What you will do
Down to the last line, set down the listing below exactly, apart from its pictures.

[[ Exercise data, beginning ]]

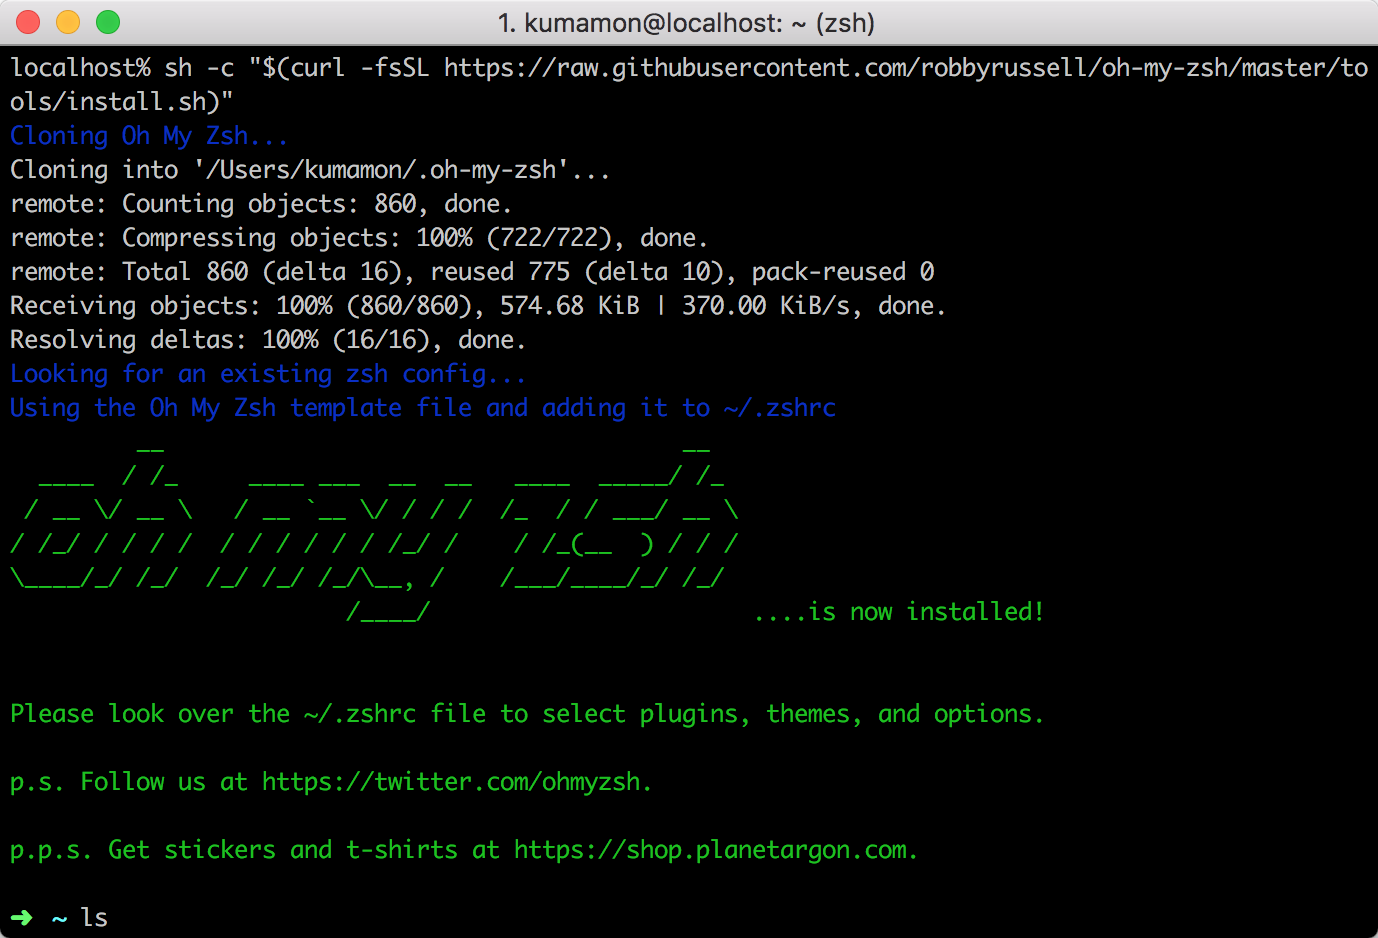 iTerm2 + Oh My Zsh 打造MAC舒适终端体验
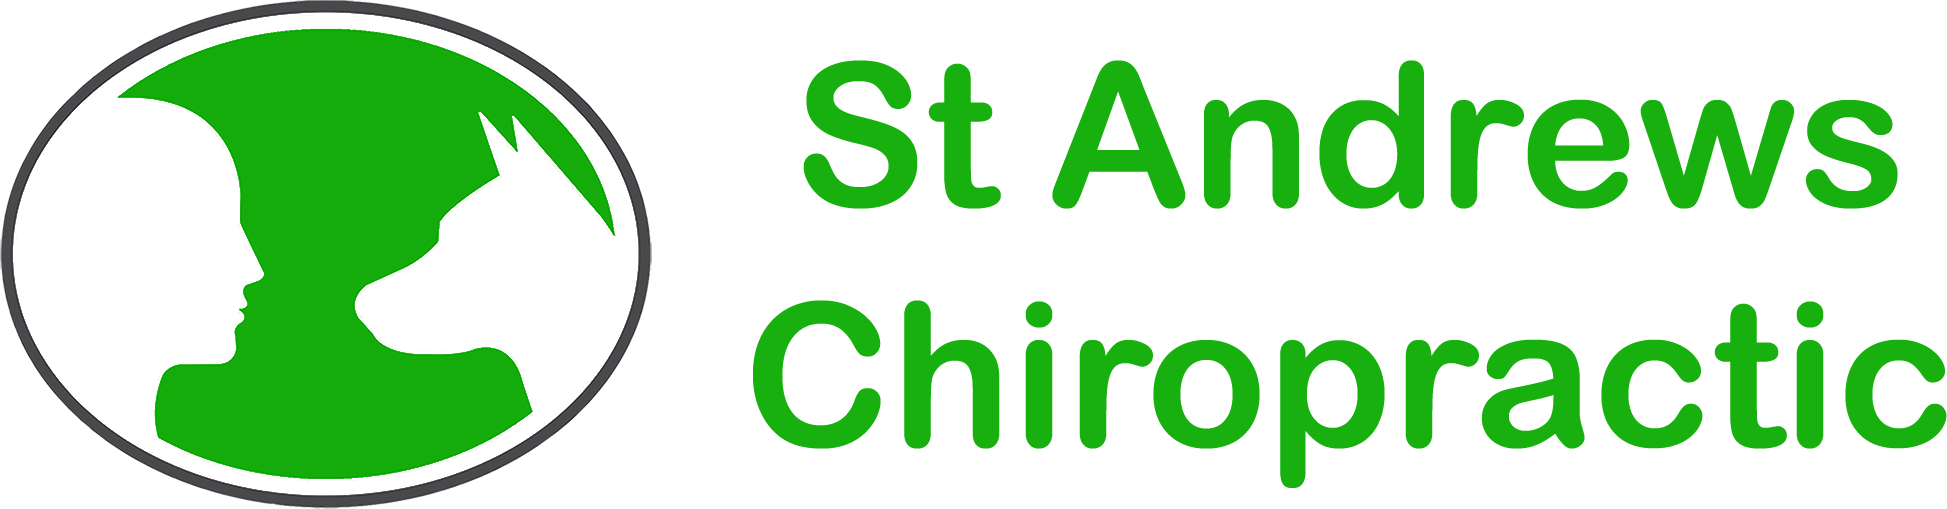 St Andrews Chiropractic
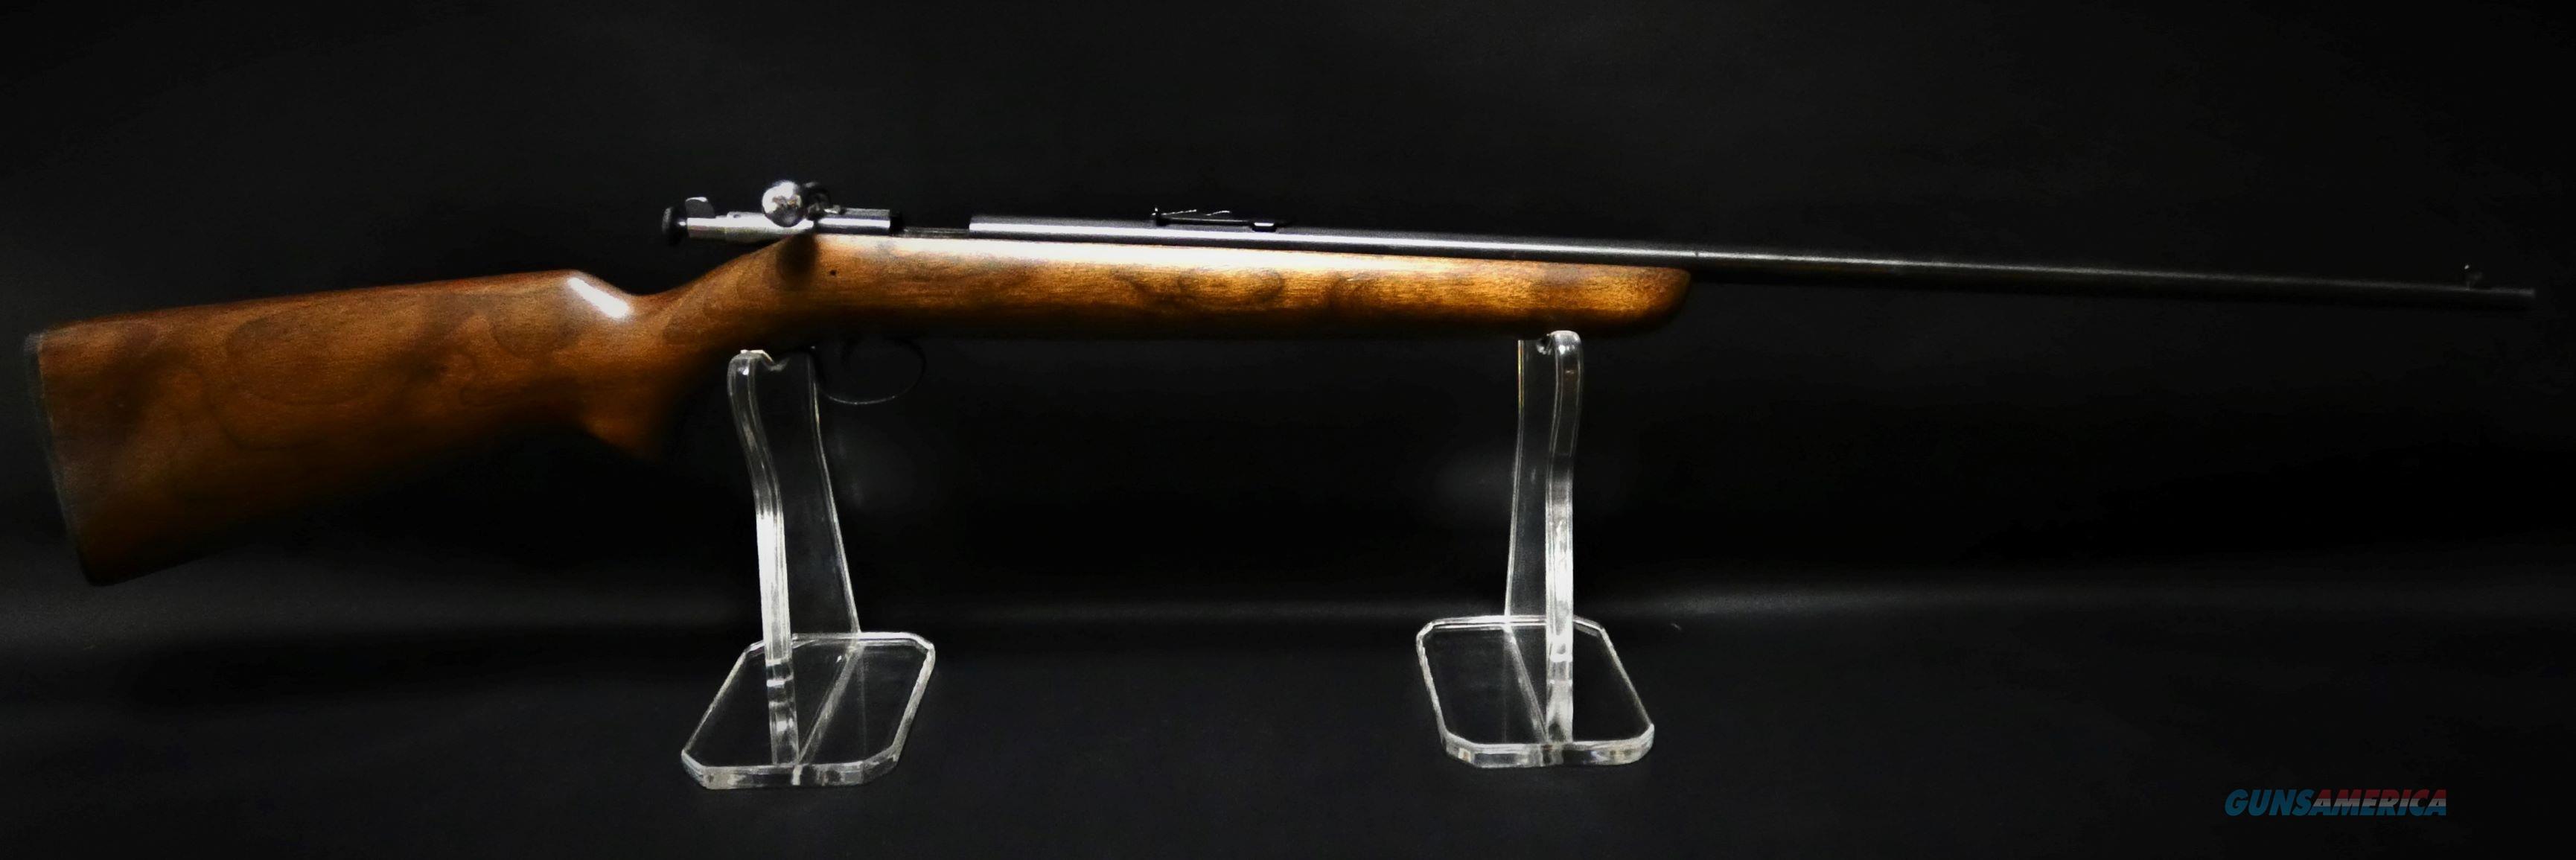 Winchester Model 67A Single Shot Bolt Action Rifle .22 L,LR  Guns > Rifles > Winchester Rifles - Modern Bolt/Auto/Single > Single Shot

[[ Exercise data, end ]]

Response
 iTerm2 + Oh My Zsh 打造MAC舒适终端体验
 St Andrews Chiropractic
 Winchester Model 67A Single Shot Bolt Action Rifle .22 L,LR  Guns > Rifles > Winchester Rifles - Modern Bolt/Auto/Single > Single Shot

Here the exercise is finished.